* **SUPPLIED MATERIAL**
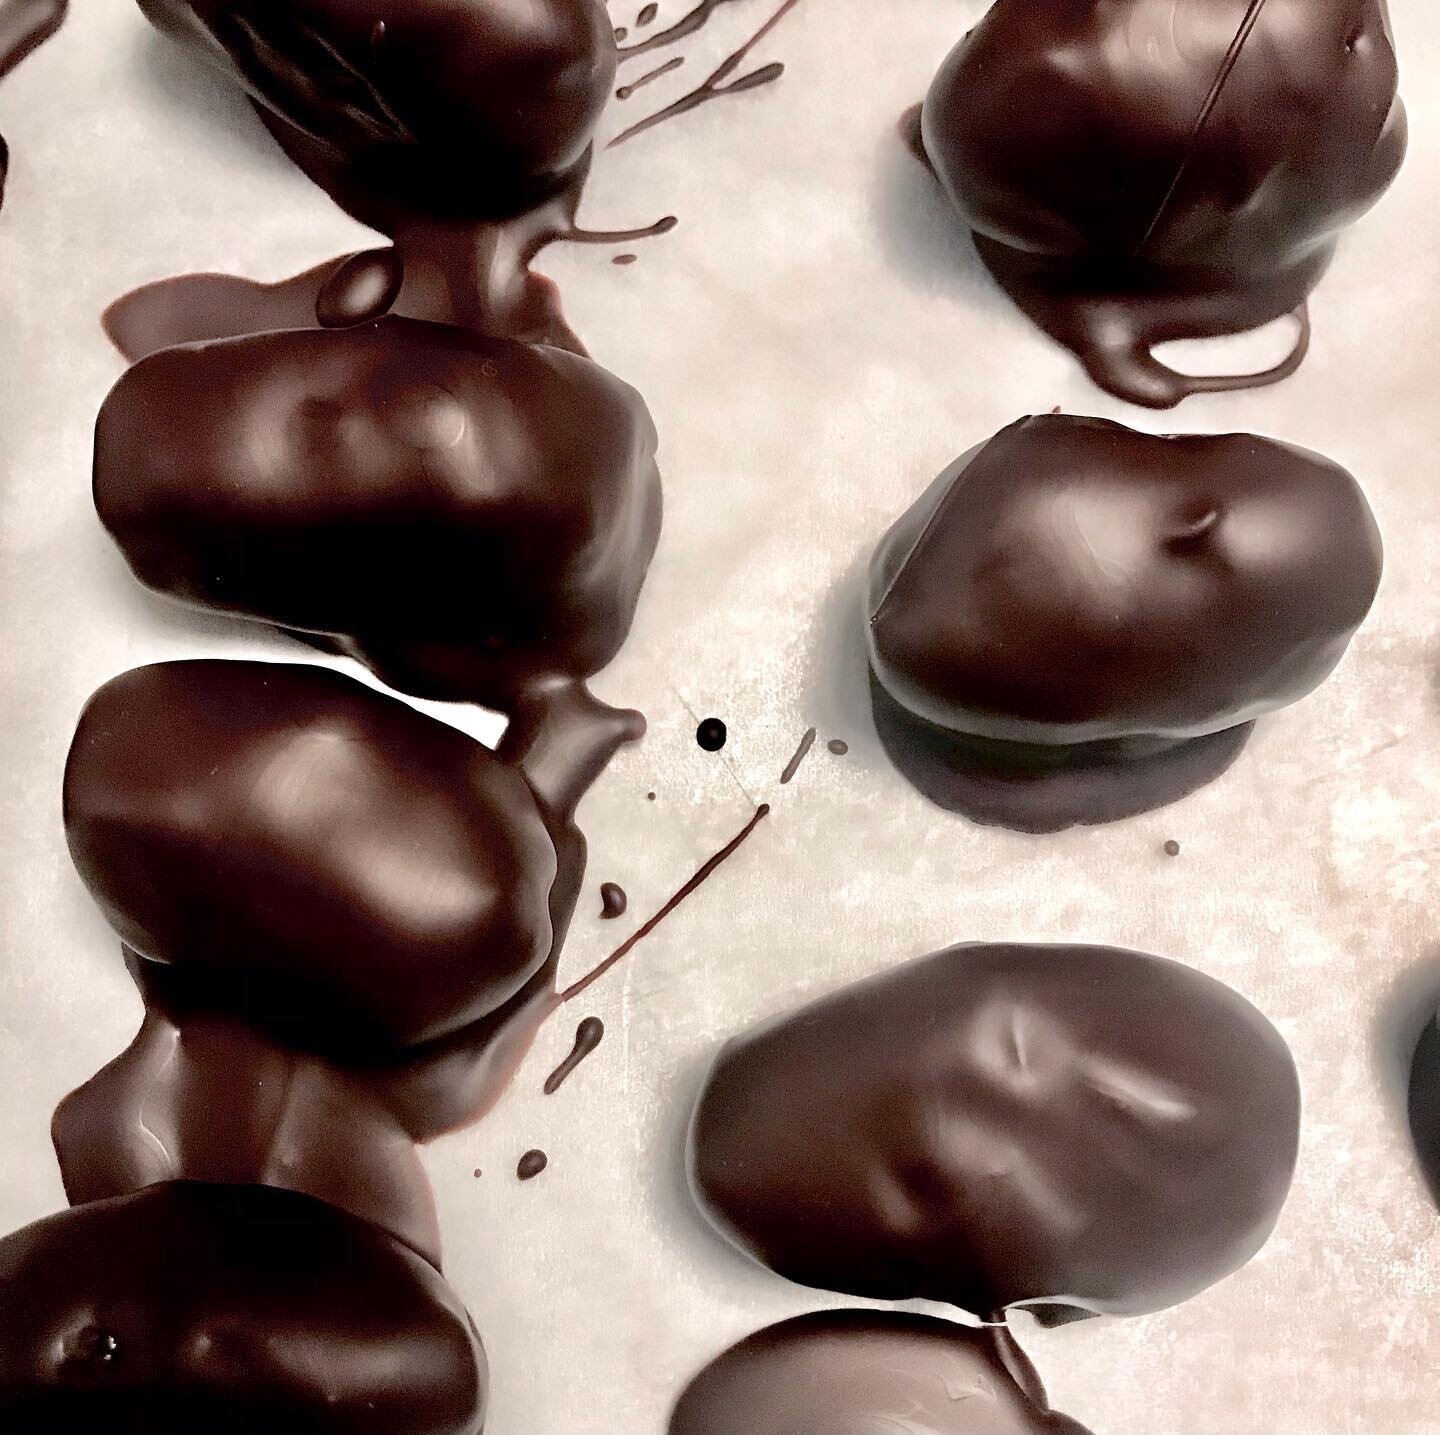 Deglet nour dates, stuffed with organic slow roasted hazelnuts and plunged in a divine pool of 100% dark chocolate from #Madagascar waiting patiently for a trim. 

#chocolatecoveredwellness

#vegan #glutenfree #dairyfree #refinedsugarfree #plantbased

* **ABOUT THIS TASK**
All of the lines above should be printed exactly, minus the pictures.

* **RESPONSE AREA**
 Deglet nour dates, stuffed with organic slow roasted hazelnuts and plunged in a divine pool of 100% dark chocolate from #Madagascar waiting patiently for a trim. 

#chocolatecoveredwellness

#vegan #glutenfree #dairyfree #refinedsugarfree #plantbased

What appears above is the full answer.